Background dello studio. I gliomi sono i tumori primari del sistema nervoso più comuni, rappresentandone più del 40% (1). Fra i gliomi di derivazione astrocitaria, si riconoscono quattro principali gradi di malignità, fra cui il glioblastoma (grado IV) è il più maligno e tipicamente colpisce soggetti adulti dell'età compresa fra i 45 e i 60 anni (2).

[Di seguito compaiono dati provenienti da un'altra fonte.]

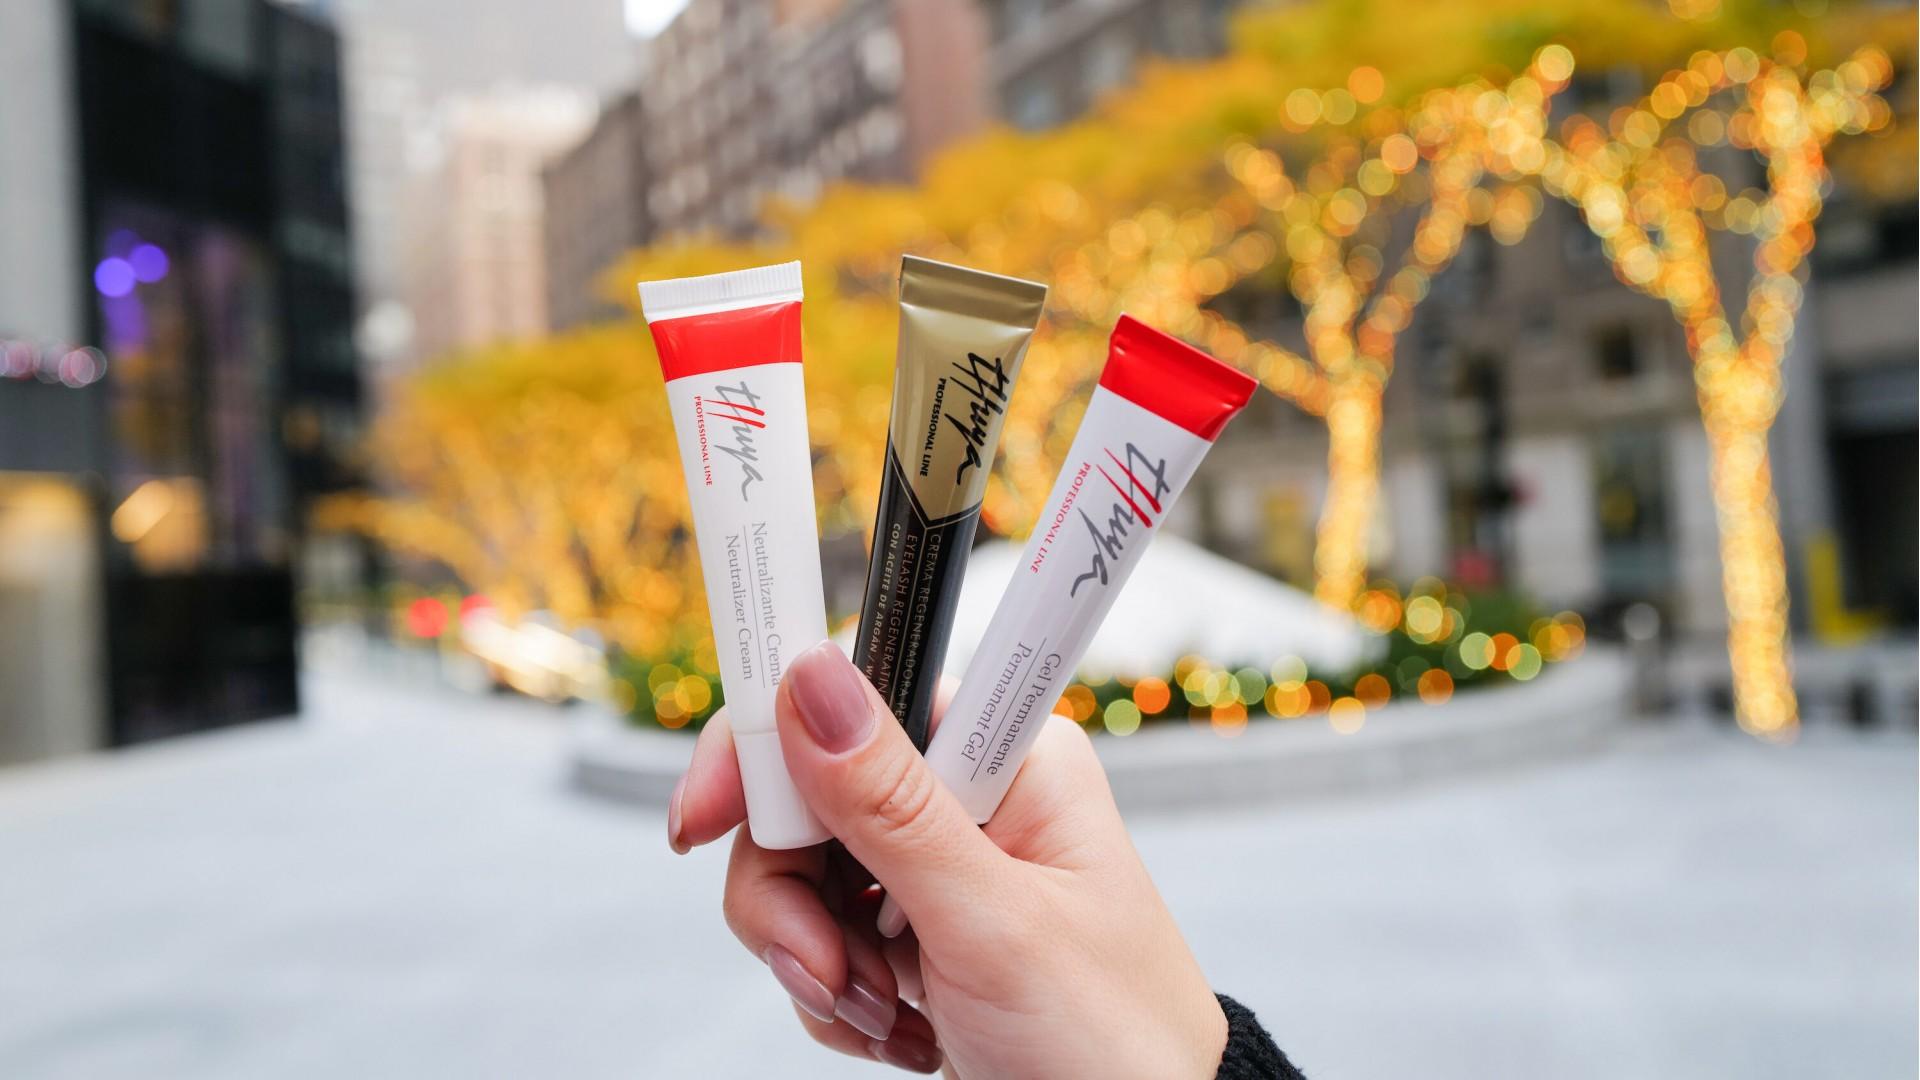 Thuya NYC World's Best Eyebrow Lift Products

Il glioblastoma è un tumore altamente aggressivo ed invasivo,caratterizzato da una prognosi sfavorevole,anche in risposta a strategie terapeutiche multidisciplinari.
Il pattern di invasività e di diffusione nei tessuti circostanti differisce da quello degli altri tumori, in quanto l'infiltrazione dei tessuti circostanti da parte delle cellule di glioma non necessita di vasi sanguigni o linfatici, poiché tali cellule invadono direttamente i tessuti che le circondano. In questo meccanismo l'interazione glioma-astrocita gioca un ruolo chiave, in quanto può determinare una attivazione degli astrociti ed una trasformazione del loro fenotipo che può contribuire al favorire l'invasività del glioma stesso. Tale interazione è mediata dalle gap junctions, in cui la connessina maggiormente espressa è la connessina 43 (CX43) (3, 4).
Scopo dello studio. Questo studio prevede l'analisi dell'interazione fra glioma e astrocita, al fine di caratterizzarne l'effetto sul fenotipo dei 2 tipi cellulari. Verranno analizzati separatamente i 2 tipi cellulari dopo un tempo di co-cultura, in modo da evidenziare eventuali modificazioni fenotipiche causate da tale interazione.
Astrociti e cellule di glioma (U87) verranno co-coltivate in un sistema transwell. Dopo una prima fase in cui verranno messe a punto le condizioni di coltura, verranno analizzati i seguenti parametri: morfologia di astrociti e glomi, espressione di geni e proteine correlati con i meccanismi di invasività neoplastica, espressione della GFAP, espressione della CX43.
Materiali e Metodi.
Colture cellulari: verranno utilizzate cellule di astrocitoma anaplastico U87 e astrociti ottenuti dal differenziamento di cellule staminali neurali, in un modello di co-coltura in transwell.
Analisi morfologica: analisi della morfologia cellulare al microscopio e determinazione del pattern di espressione della GFAP mediante immunofluorescenza.
Espressione genica: analisi dei livelli di mRNA di MMP-2, TIMP-2, SPARC, CX43 mediante real-time RT-PCR.
Analisi delle proteine: valutazione dei livelli proteici di MMP-2 e 9 mediante SDS-zimografia, e di SPARC mediante western blot nei terreni di coltura. Per quanto concerne le proteine cellulari, verranno analizzati mediante western blot i livelli di CX43 e le eventuali modificazioni post-traduzionali (fosforilazione), e l'espressione della GFAP.
Bibliografia
1) Kleihues P, Soylemezoglu F, Schauble B, Scheithauer BW, Burger PC. Glia 1995; 15: 211-21.
2) Sehgal A. Semin Surg Oncol 1998; 14: 3-12.
3) Zhang et al. Cancer Res 1999; 59: 1994-2003.
4) Lin JH et al. J Neurosci 2002; 22: 4302-4311.